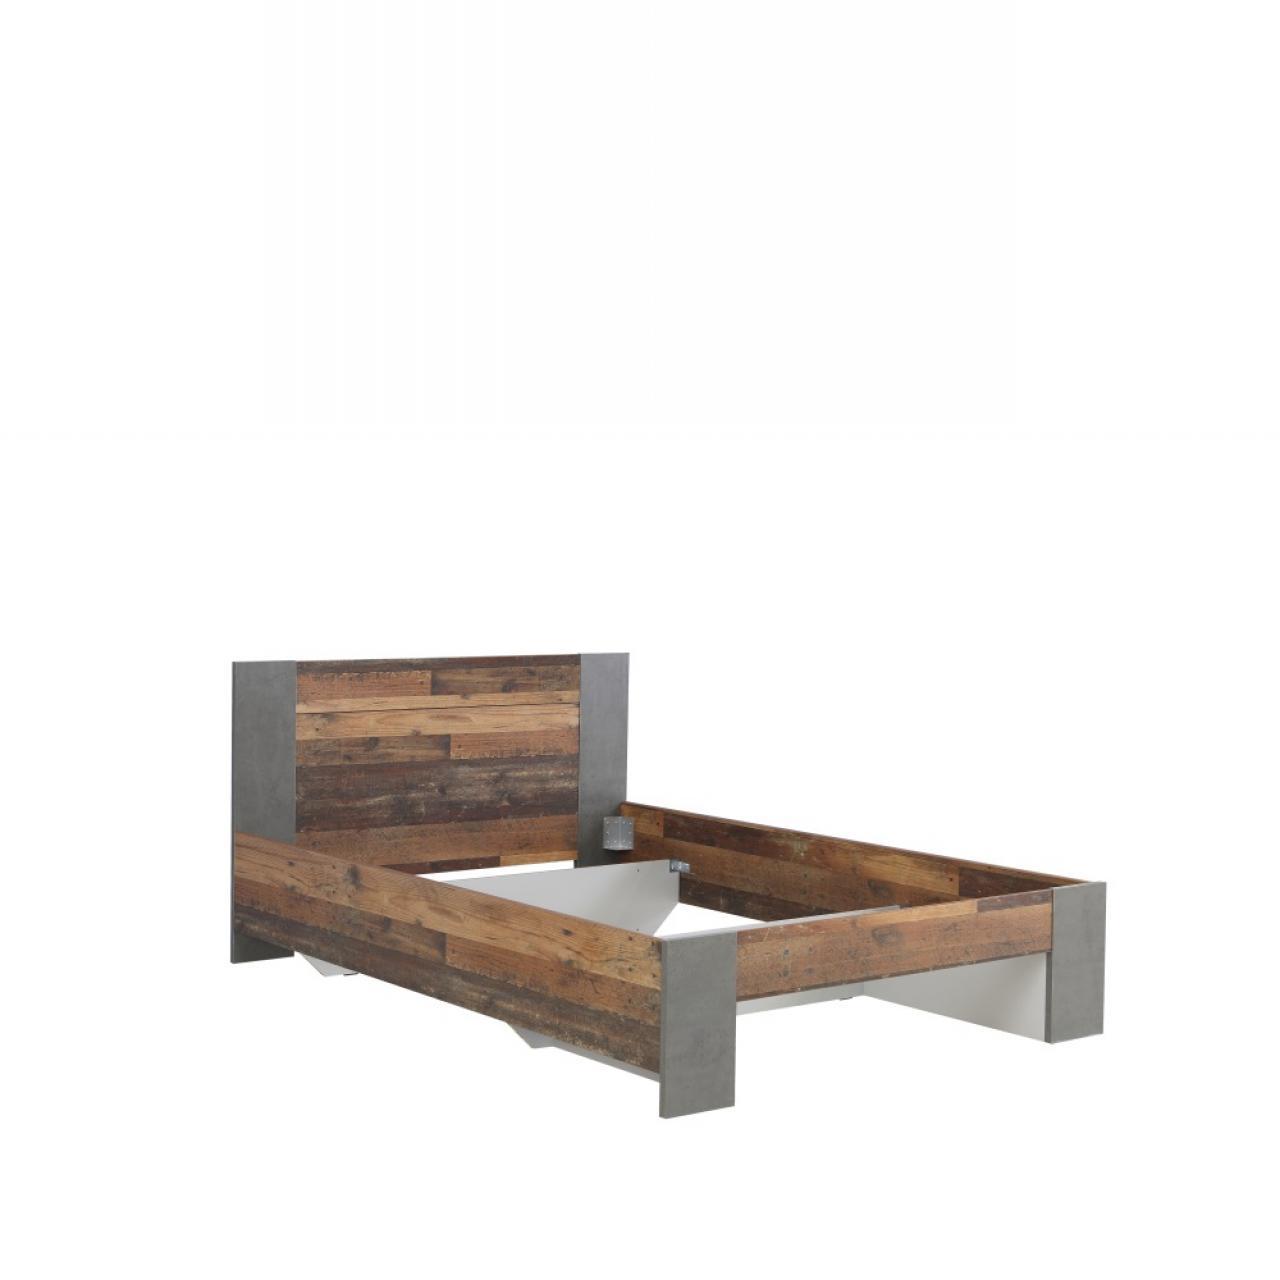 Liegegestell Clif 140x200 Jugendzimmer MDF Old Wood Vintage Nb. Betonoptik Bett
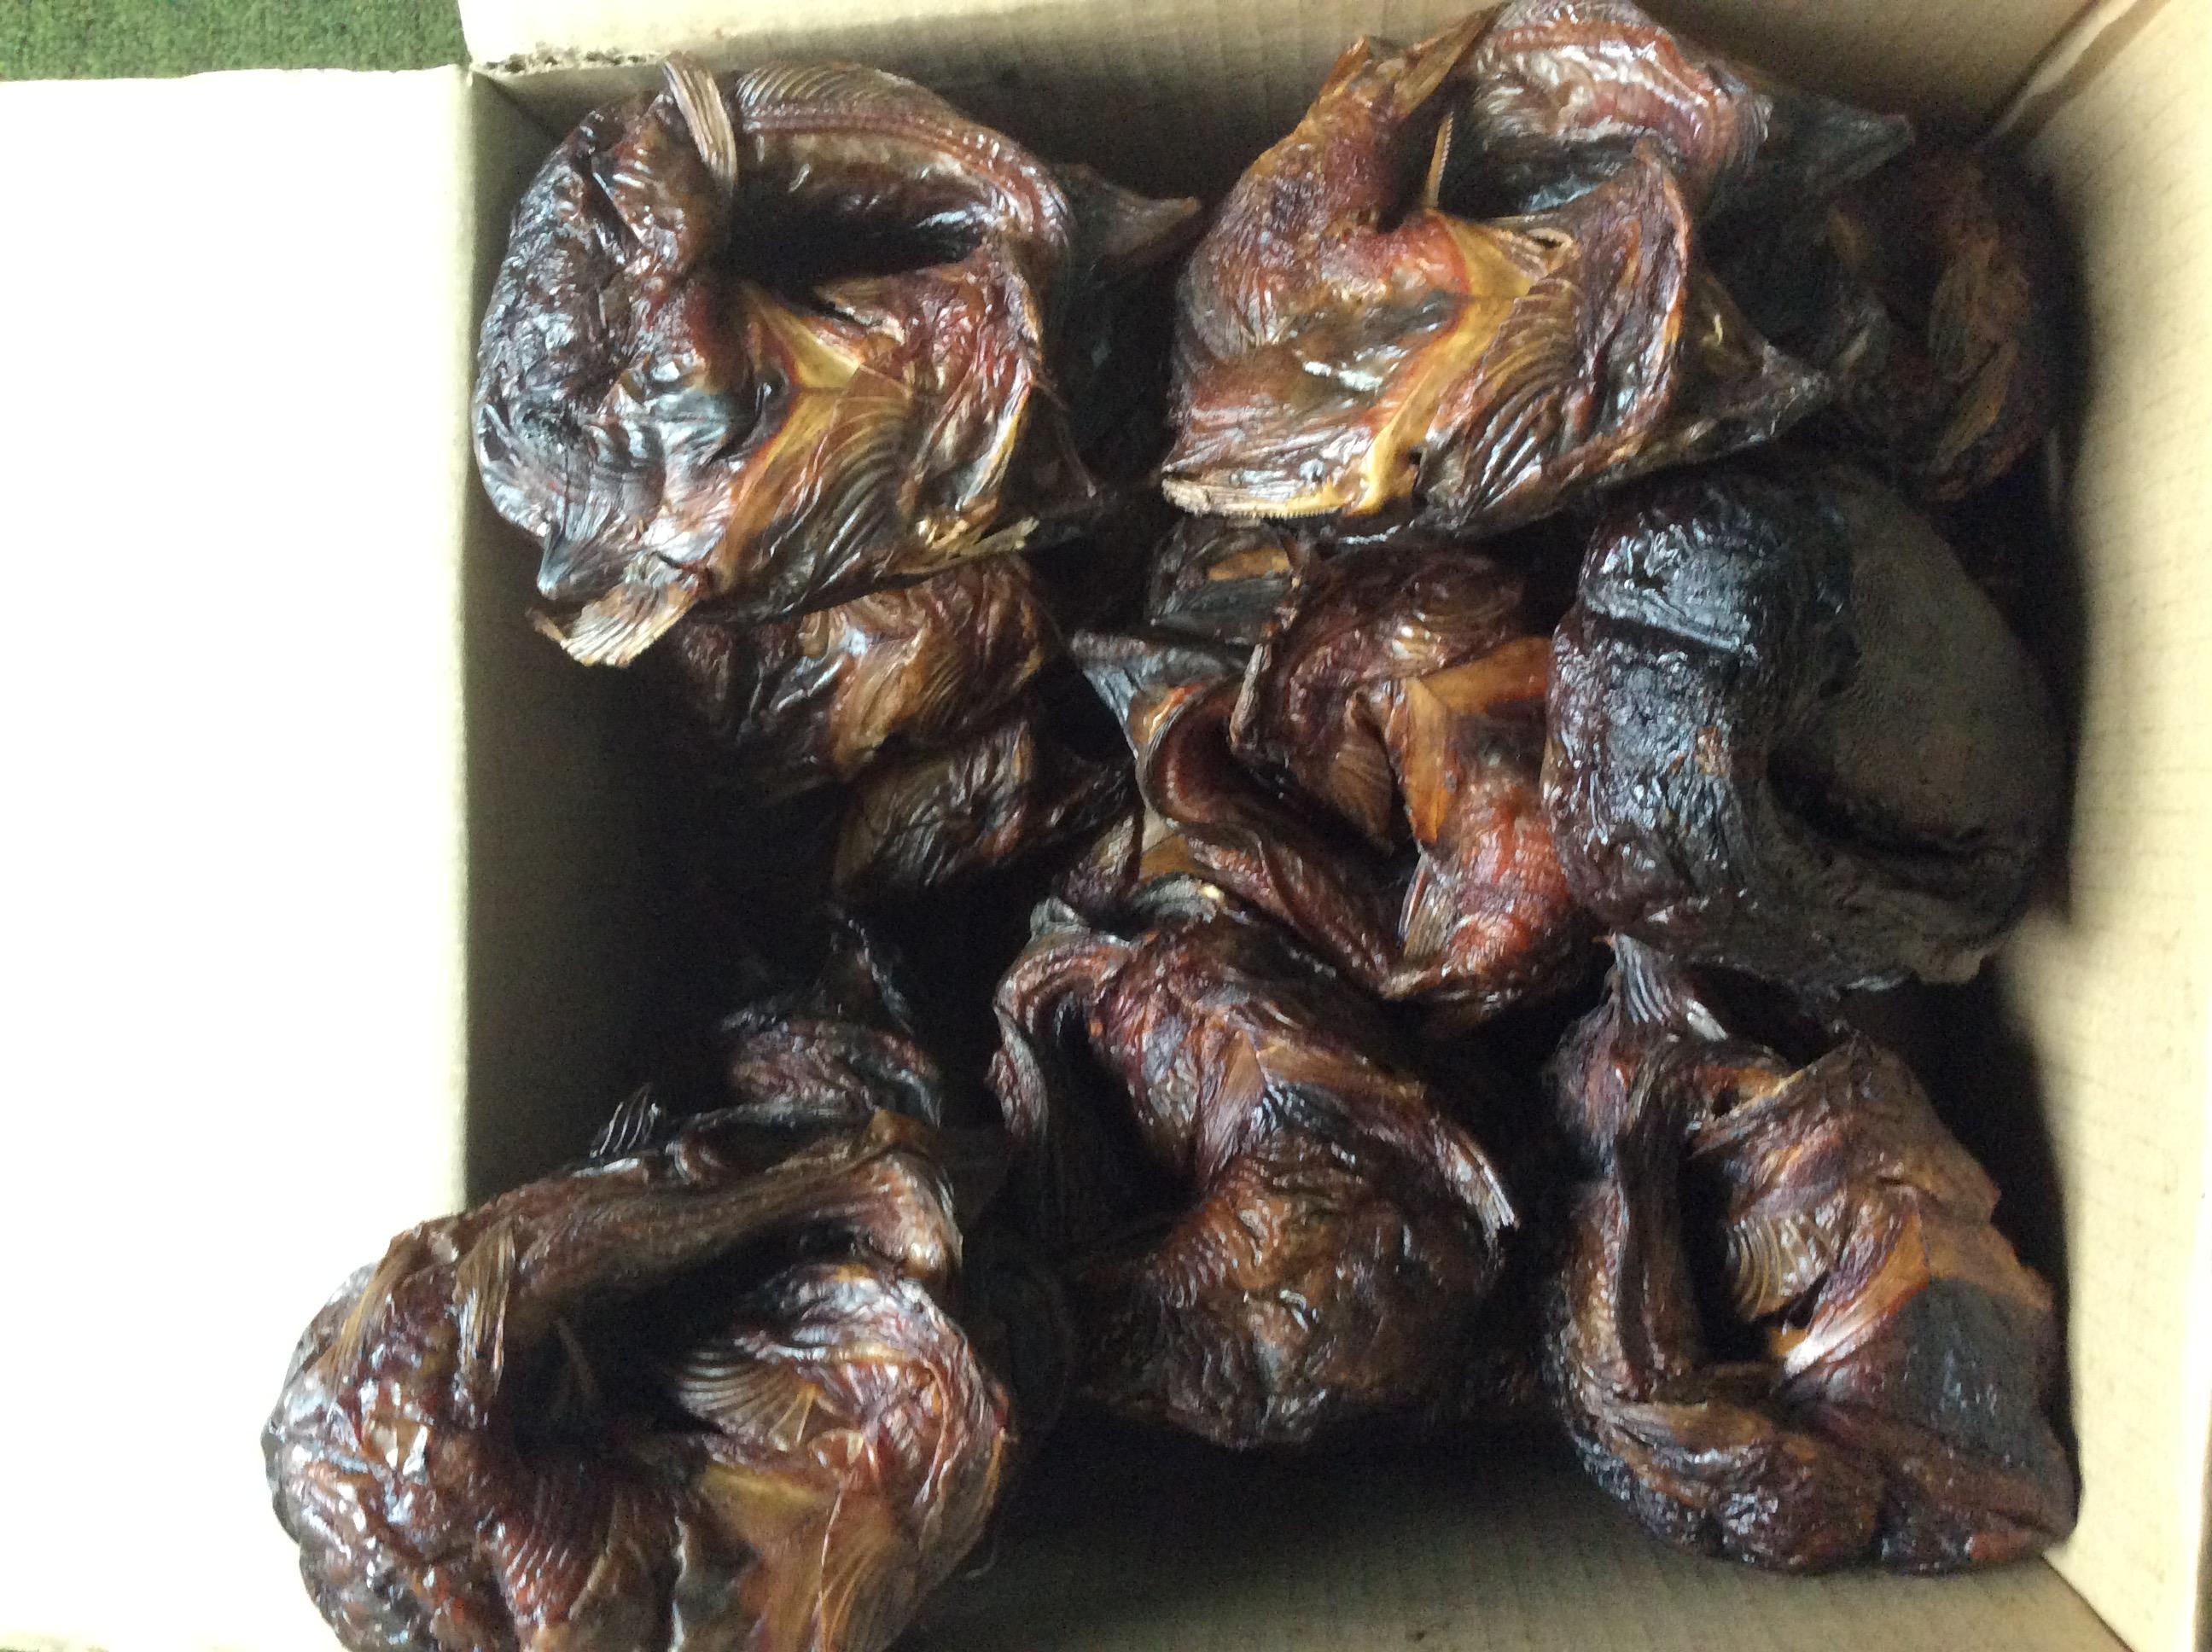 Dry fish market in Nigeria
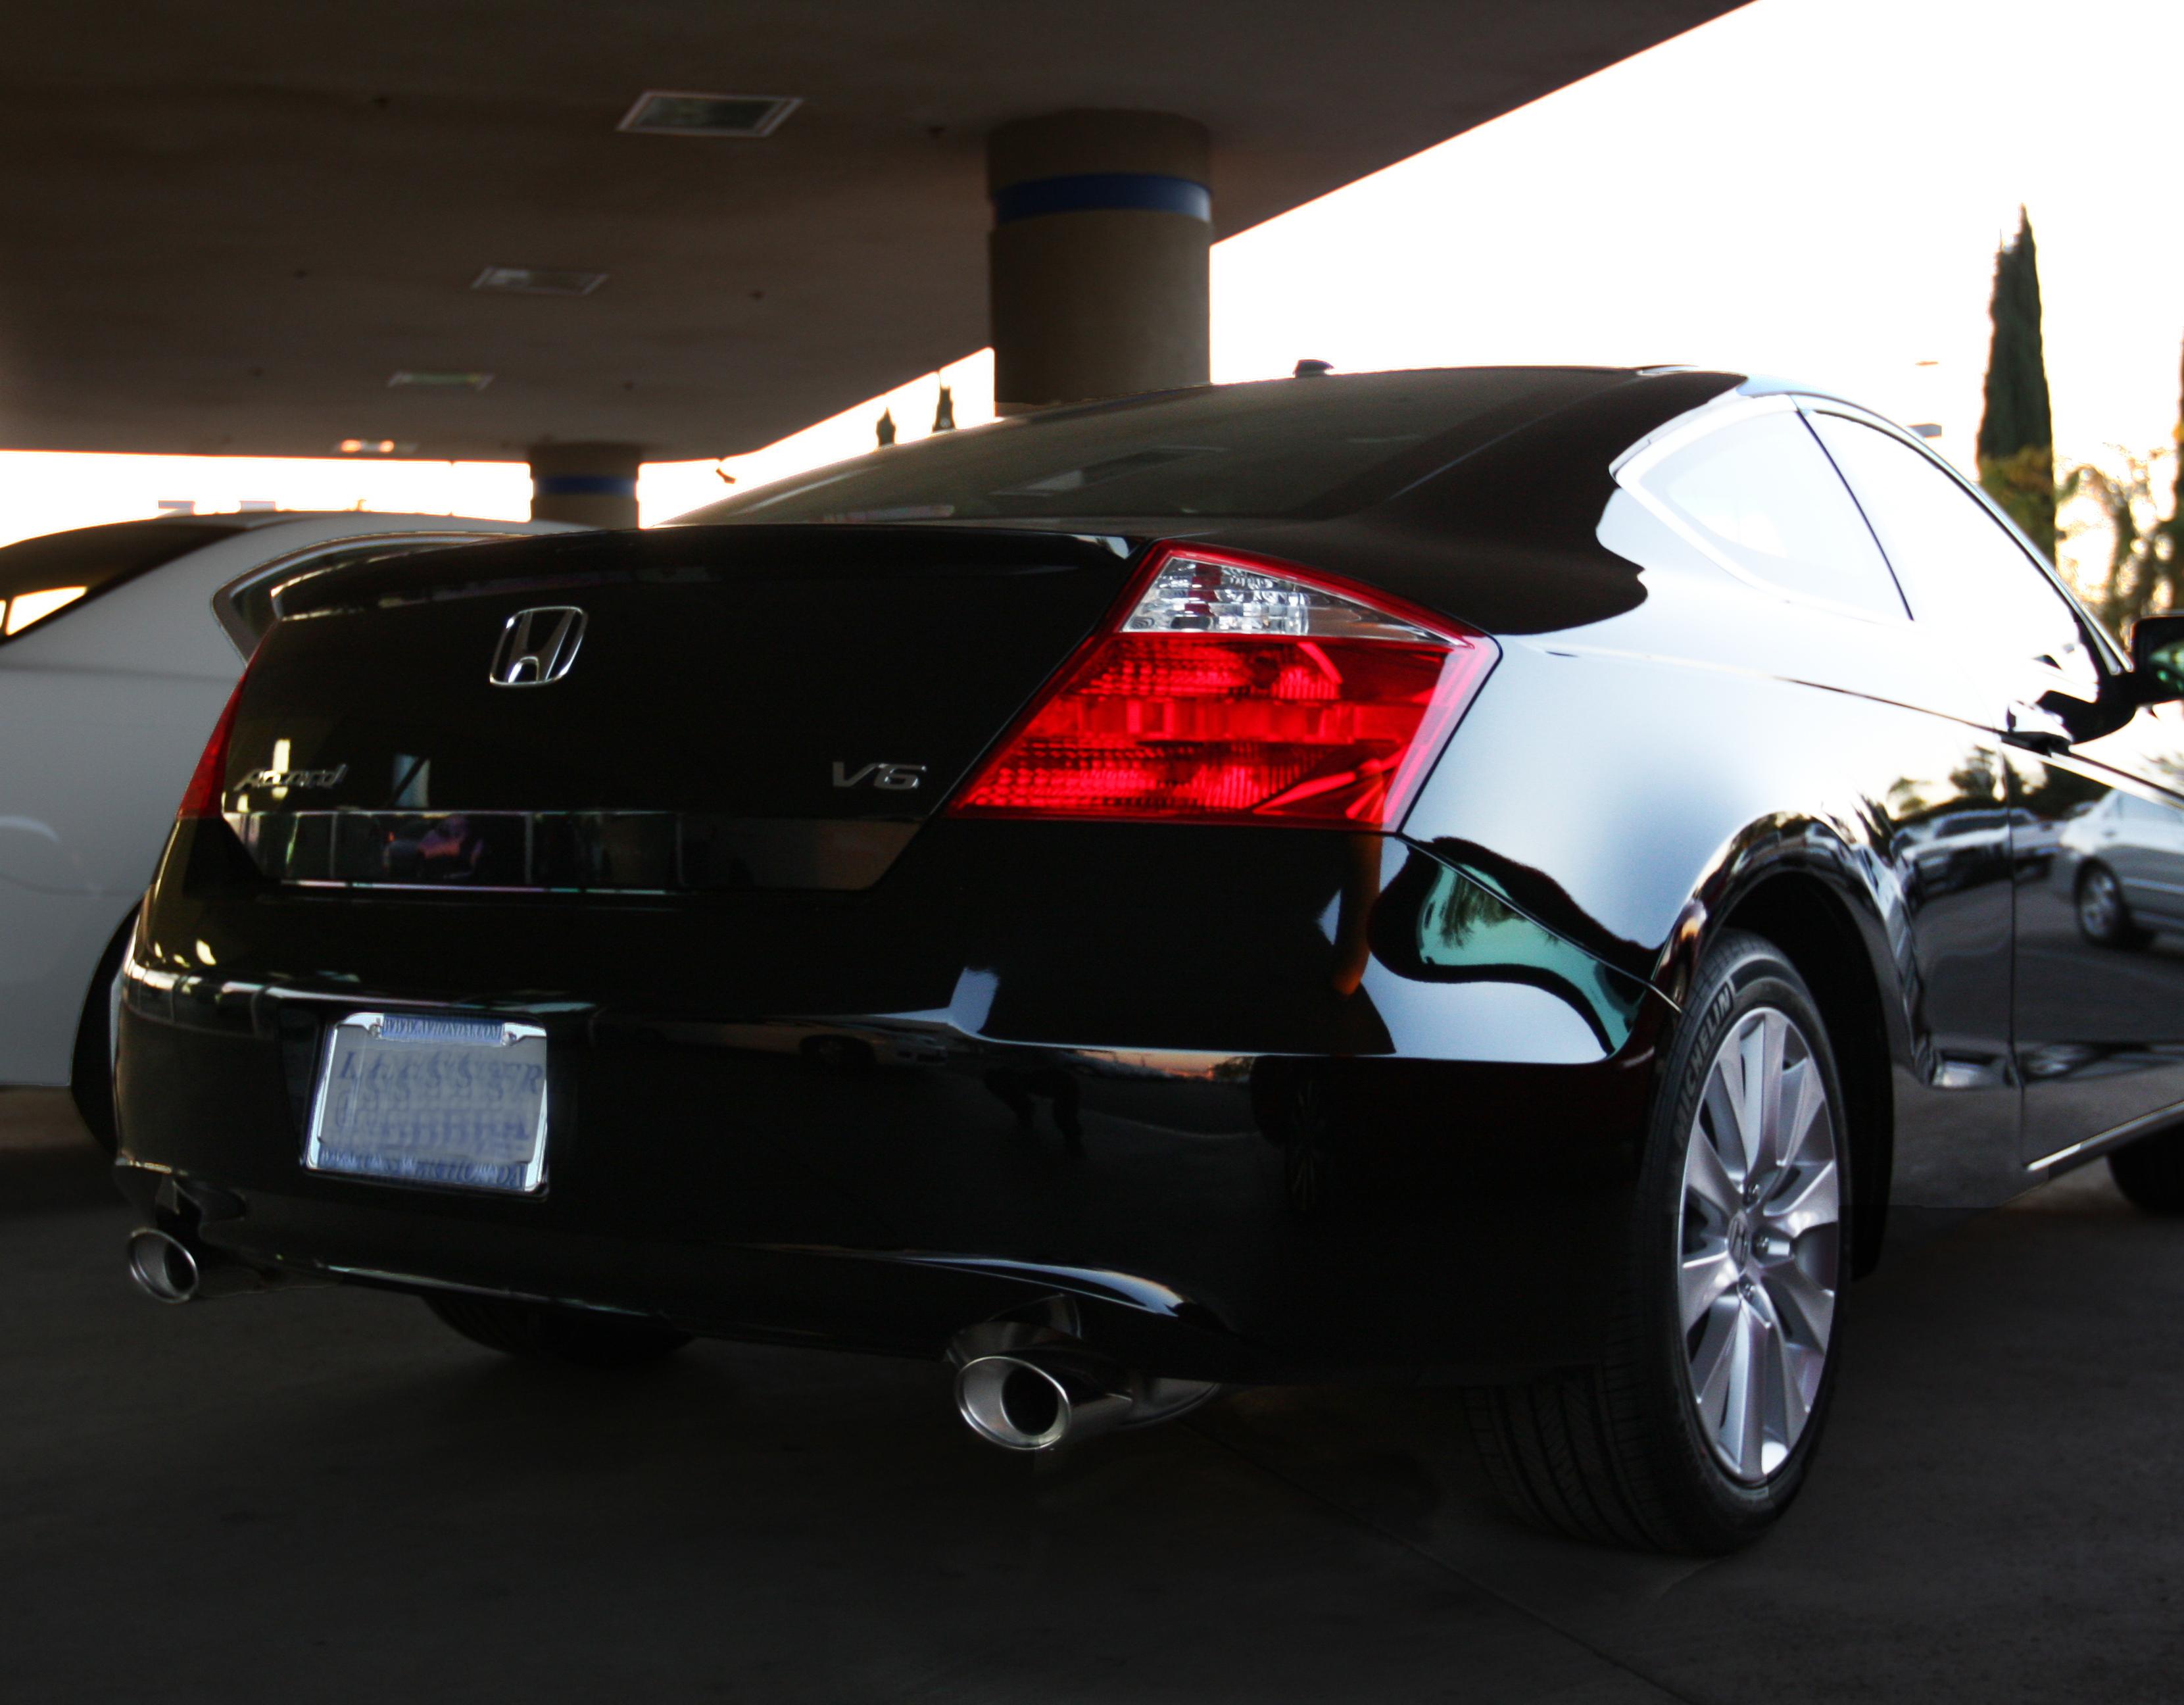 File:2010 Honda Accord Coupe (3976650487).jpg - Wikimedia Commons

§

=== THE PROBLEM ===
Your copy of the data should match it exactly, apart from the images, which are omitted.

=== WRITTEN RESPONSE ===
 Liegegestell Clif 140x200 Jugendzimmer MDF Old Wood Vintage Nb. Betonoptik Bett
 Dry fish market in Nigeria
 File:2010 Honda Accord Coupe (3976650487).jpg - Wikimedia Commons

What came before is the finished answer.